This looks interesting. I am wondering how this can work with remote Runners like Dataflow or Flink.

I'm going to run with Dataflow soon.

I still didn't find the what I wanted... I want to get the place where the Map function runs, for example... But I think that gets pickled or something, and then I'm having a hard time to find the right location (I think).

Screenshot 2024-12-04 at 15 25 25

This is the code I use - it's not as clean as the snippets above:

def Pipeline__init_subclass__(cls: Pipeline, **kwargs):
    cls.apply = logfire.instrument("{transform}", extract_args=True)(cls.apply)
    cls.run = logfire.instrument("running {cls}")(cls.run)
    cls.visit = logfire.instrument()(cls.visit)

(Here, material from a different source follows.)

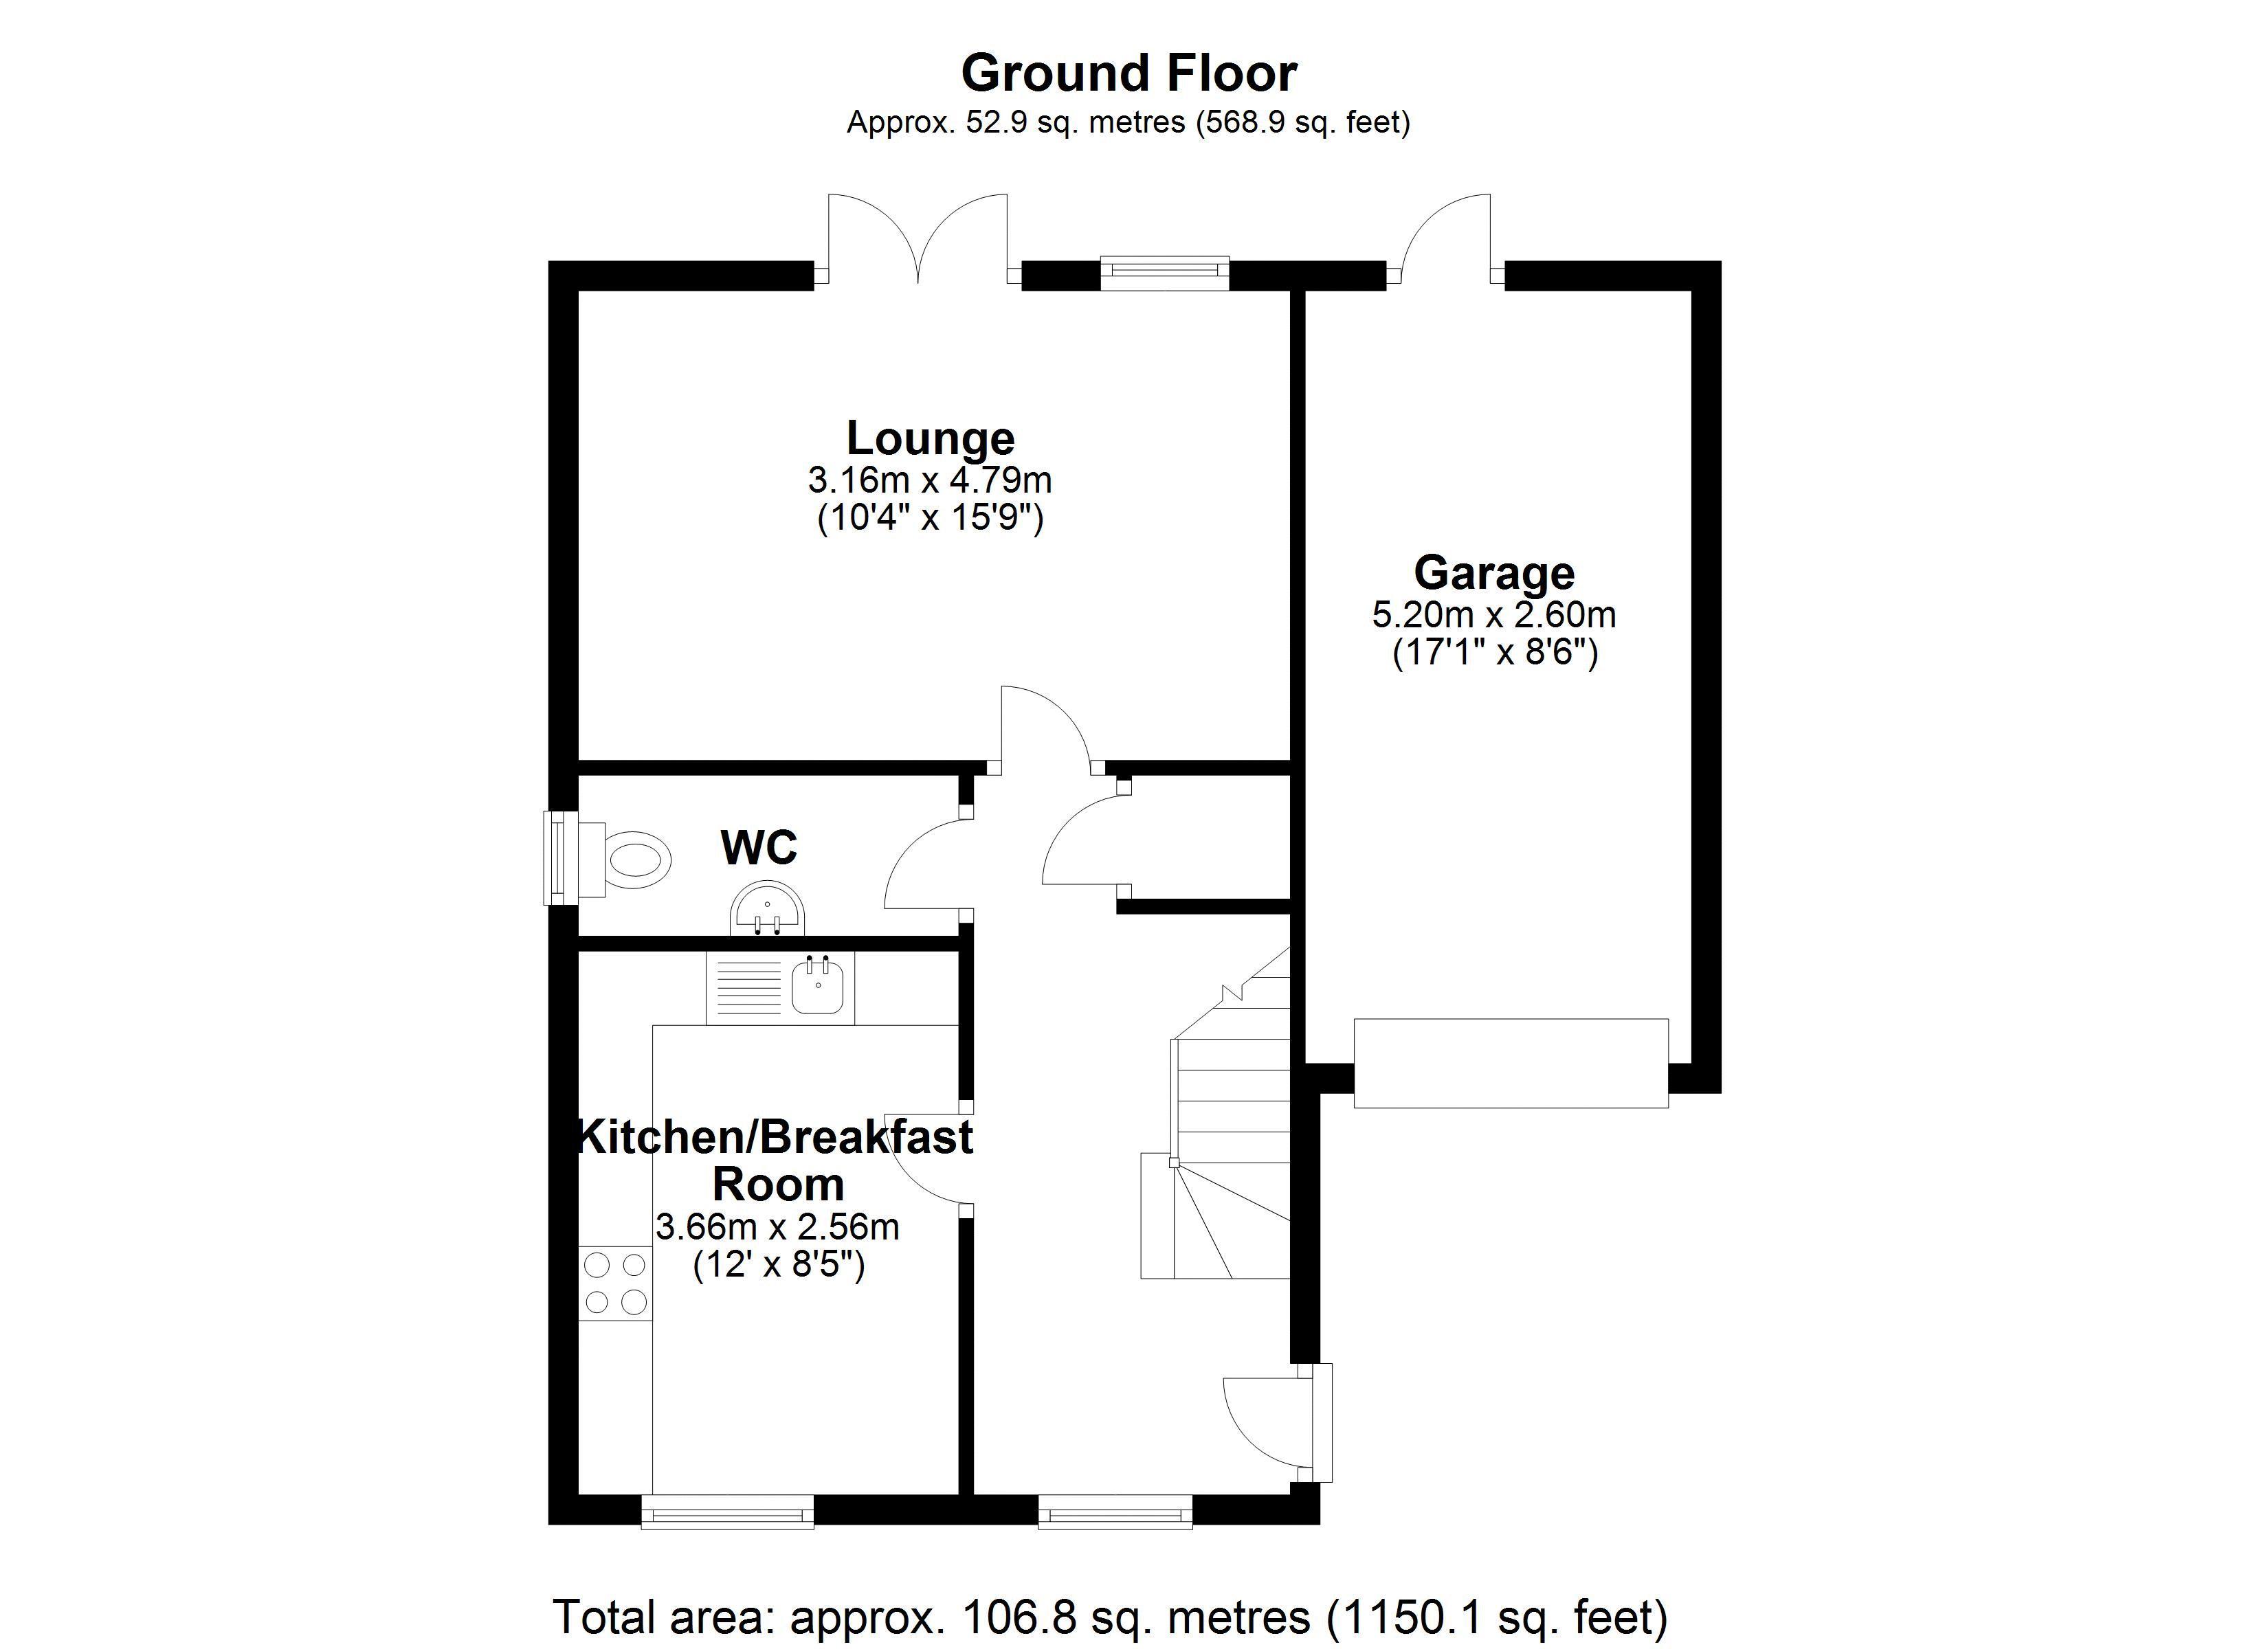 The Embers Ground floor plan

def PipelineRunner__init_subclass__(cls: PipelineRunner, **kwargs):
    cls.run_pipeline = logfire.instrument()(cls.run_pipeline)


def DoFnInvoker__init_subclass__(cls: DoFnInvoker, **kwargs):
    cls.invoke_process = logfire.instrument("{transform}")(cls.invoke_process)


def patch_beam_pipeline():
    Pipeline.__init_subclass__ = classmethod(Pipeline__init_subclass__)
    Pipeline.apply = logfire.instrument("{transform}", extract_args=True)(Pipeline.apply)
    Pipeline.run = logfire.instrument("running {self}")(Pipeline.run)
    Pipeline.visit = logfire.instrument()(Pipeline.visit)

    PipelineRunner.__init_subclass__ = classmethod(PipelineRunner__init_subclass__)
    PipelineRunner.run_pipeline = logfire.instrument()(PipelineRunner.run_pipeline)

    FnApiRunner.run_stages = logfire.instrument("running stages from {self}")(FnApiRunner.run_stages)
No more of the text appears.